Conflict-of-interest disclosure: E.I.T., A.G., B.D.M., M.W., C.U.L., and N.G.V. are employees of Aronora, Inc. J.J.S. reports receiving consulting fees from Aronora Inc. A.G., O.J.T.M., N.G.V., E.I.T., and Oregon Health & Science University (OHSU) have a financial interest in Aronora, Inc. This potential conflict of interest has been reviewed and managed by the OHSU Conflict of Interest in Research Committee. The remaining authors declare no competing financial interests.

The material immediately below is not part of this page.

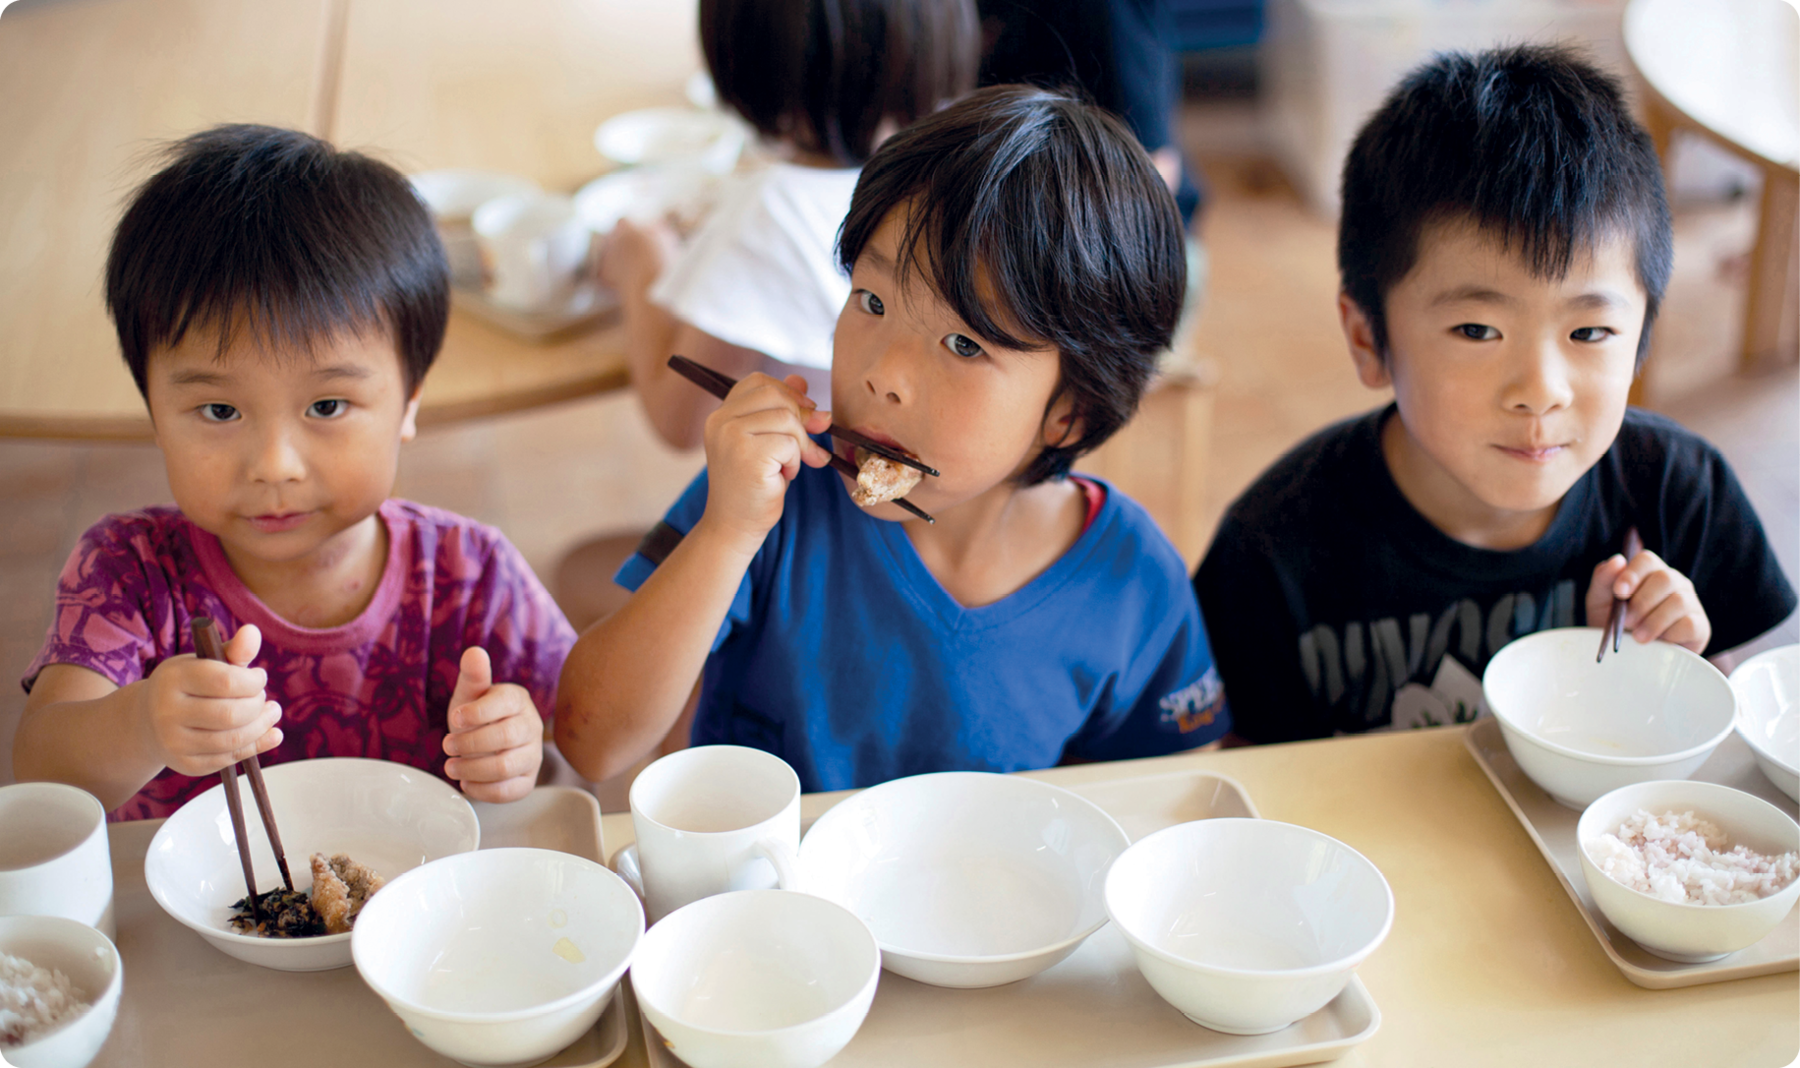 Fotografia. Três crianças japonesas, uma menina com cabelos lisos, usando blusa estampada. Ao lado, um menino usando blusa azul e outro menino usando blusa preta. Elas estão sentados, segurando com as mãos um hashi, duas varetas utilizadas como talheres. Na mesa, potes brancos com alimentos.

© 2020 by The American Society of Hematology.

Figures

Graphical abstract

Figure 1.

AB002 interrupts thrombus formation in a primate thrombosis model. (A-B) Real-time platelet accumulation within collagen-coated synthetic vascular grafts (4-mm i.d.; 20 mm length) (A) and the tail region where the thrombus elongated distal to the graft (B). These devices were temporarily inserted into the femoral arteriovenous shunt of juvenile baboons. Blood flow through the device was adjusted to 100 mL/min, producing an initial shear rate of 265 s−1. Thrombi were allowed to grow for 30 minutes prior to intervention (black arrow). The average thrombus size at the time of intervention was set to 100%. Control experiments (n = 15) received no intervention or saline, whereas treatments were either tPA (n = 8) or increasing doses of E-WE thrombin (n = 4-7 per group). Posttreatment platelet accumulation was monitored for an additional 60 minutes. (C) Total fibrin deposition within the grafts was assessed at the end of each experiment. (D) aPTT was measured in platelet-poor plasma samples collected 10 minutes posttreatment. (E) Real-time γ-camera images of the developing thrombi taken at 30, 60, and 90 minutes. Images were recorded at 5-minute intervals and quantified in panels A and B. Each row of images shows representative images at each time point for control, AB002- (2 µg/mL), tPA-, and enoxaparin-treated baboons. Dimensions used to quantify graft and tail thrombus are indicated above each column. All data are expressed as mean plus or minus SEM. Asterisks denote significant differences to control (*P < .05; **P < .01; ***P < .001), pound symbols indicate significant differences to tPA (#P < .05; ##P < .01; ###P < .001). For panel B, all treatment groups, including tPA, are significantly different from control (P < .001), but not different from each other. Real-time platelet deposition was analyzed by 2-way ANOVA, and terminal fibrin and aPTT were analyzed using 1-way ANOVA.

Figure 2.

AB002 interrupts occlusive thrombus formation. (A) Real-time platelet accumulation within small diameter collagen-coated synthetic vascular grafts (2-mm i.d.; 20 mm length). Blood flow through the device was adjusted to 100 mL/min, producing an initial wall shear rate of 2120 s−1. Thrombi were allowed to grow for 15 minutes before treatment (black arrow). E-WE thrombin was given as an IV bolus (n = 3-6 per treatment group); controls (n = 5) received no treatment. Data are means plus or minus SEM. (B) Time to occlusion is shown. Horizontal bars denote mean of all data points. All control grafts occluded within 21 to 33 minutes. AB002 treatment significantly increased the time to occlusion (*P < .05; Gehan-Breslow-Wilcoxon test), with 8 of 12 grafts remaining patent for the entire 60 minutes.

Figure 3.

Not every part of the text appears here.